- Origin: New York, U.S.
- Genres: Thrash metal, groove metal
- Years active: 2014–present
- Labels: Nuclear Blast
- Spinoffs: BPMD, Category 7
- Spinoff of: Testament, Megadeth, Dream Theater, The Winery Dogs, Flying Colors
- Members: Mark Menghi; David Ellefson; Alex Skolnick; Mike Portnoy;
- Website: metalallegiance.com

= Metal Allegiance =

American heavy metal band

Metal Allegiance is an American thrash metal supergroup formed on Long Island, New York, in 2014 by bassist and songwriter Mark Menghi. Shortly after, he recruited bassist David Ellefson (formerly of Megadeth), guitarist Alex Skolnick (from Testament), and drummer Mike Portnoy (from Dream Theater). Though the group does not have an official lead singer, they usually hire guest musicians to contribute vocals and/or guitar parts to their studio recordings and live shows, including Andreas Kisser of Sepultura and Mark Osegueda of Death Angel. To date, Metal Allegiance has released two studio albums and one EP.

== Background ==
Metal Allegiance was formed by bassist/songwriter/producer Mark Menghi on Long Island in July 2014. Mark shortly after recruited then-Megadeth bassist David Ellefson and drummer Mike Portnoy (Dream Theater, The Winery Dogs, Sons of Apollo and Flying Colors) to perform on Motörhead's Motörboat Cruise for their first ever live appearance as Metal Allegiance, which was described as "a celebration of heavy metal, powered by the almost tribal bond shared between the extreme music community's most revered trailblazers, armed with a list of contributors onstage (and off) that read like a Wikipedia entry on the genre itself." All of the band members were longtime friends and had jammed together occasionally, including events such as the Shiprocked Cruise and NAMM; this eventually led to recording an album. It was on the Motörboat Cruise where they enlisted guitarist Alex Skolnick (Testament) as the final piece to the "Core 4." The result, the eponymous Metal Allegiance, was released on September 17, 2015, and included a number of guests, including vocals by Phil Anselmo, Randy Blythe, Troy Sanders, Chuck Billy, Mark Osegueda, Cristina Scabbia, Matt Heafy, Doug Pinnick, Jamey Jasta, Chris Jericho, Tim "Ripper" Owens, Alissa White-Gluz and Steve "Zetro" Souza, guitar by Heafy, Gary Holt, Phil Demmel, Andreas Kisser, Misha Mansoor, Ben Weinman, Charlie Benante and Ron "Bumblefoot" Thal, and bass by Rex Brown. It was between a span of 9 months (December 2014 to September 2015) where Menghi, Ellefson, Skolnick and Portnoy wrote, recorded, mixed and mastered their debut album while having over two dozen special guests appear on it plus signing a global record deal with Nuclear Blast Entertainment under the careful eye of AR legend Monte Conner. Metal Allegiance received positive reviews worldwide, and performed well on the charts, entering number 143 on the Billboard 200, and number 27 on the Top Rock Albums chart. The band promoted the album by touring at various venues within the United States along with performing at many festivals and one-off appearances like Loud Park Festival in Japan and Bloodstock Festival in the United Kingdom amongst others.
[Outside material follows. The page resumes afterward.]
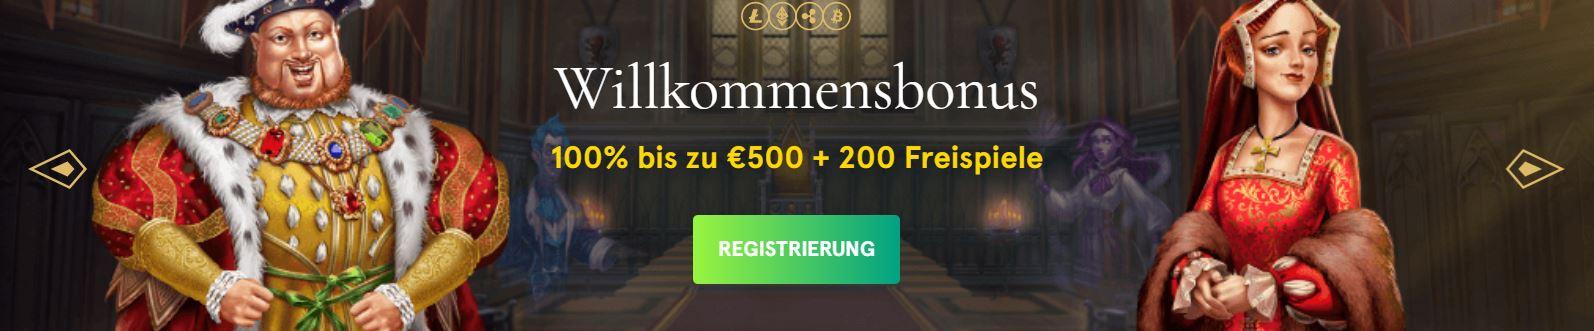 casinia 500 euro bonus und 200 free spins
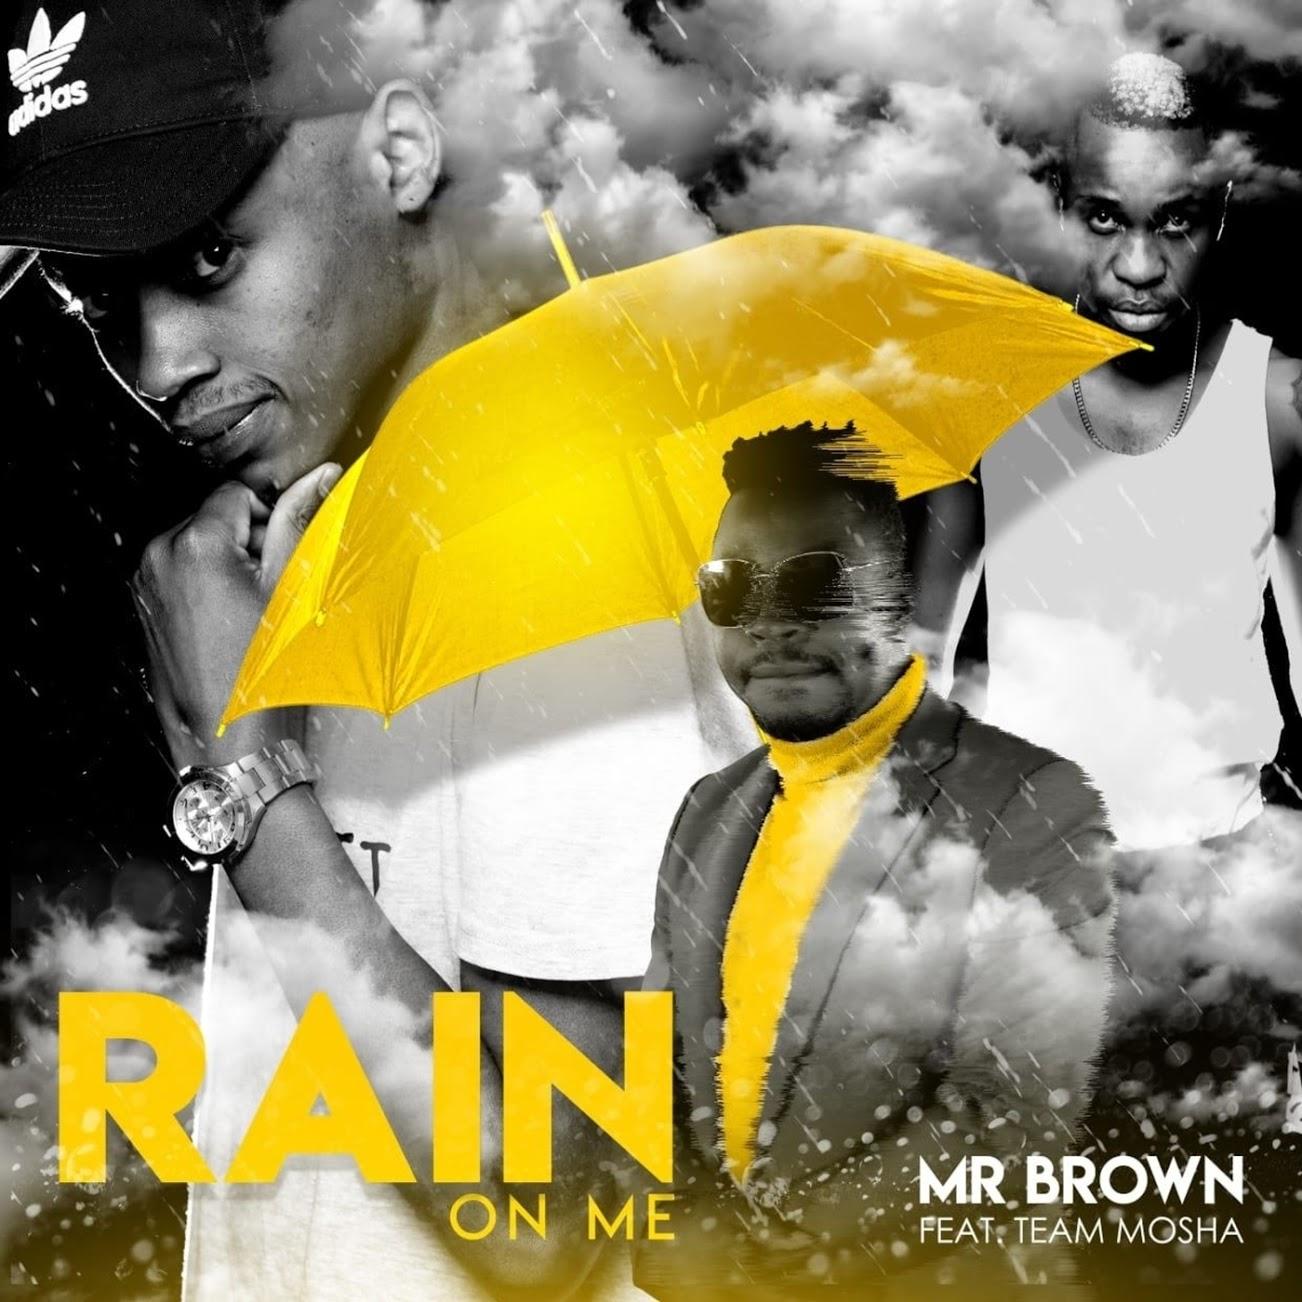 rain on me - photo #26

Metal Allegiance's next release was a digital only covers EP entitled Fallen Heroes, released on August 12, 2016, as a tribute to then-recently deceased singers Lemmy, David Bowie and Glenn Frey. The EP includes covers of Motörhead's "Iron Fist", Bowie's "Suffragette City" and the Eagles' "Life in the Fast Lane", with vocals provided by Troy Sanders, Mark Osegueda and Alissa White-Gluz respectively. In honor of all of music's Fallen Heroes, Metal Allegiance performed a special "Fallen Heroes" tribute concert at The Grove in Anaheim, California on January 20, 2017, where they exclusively covered music from all of their personal musical heroes whom have passed on.

Metal Allegiance released their second album, Volume II: Power Drunk Majesty, on September 7, 2018. In addition to Osegueda and Sanders, guest vocals on this album include Trevor Strnad, John Bush, Bobby "Blitz" Ellsworth, Mark Tornillo, Johan Hegg, Max Cavalera and Floor Jansen.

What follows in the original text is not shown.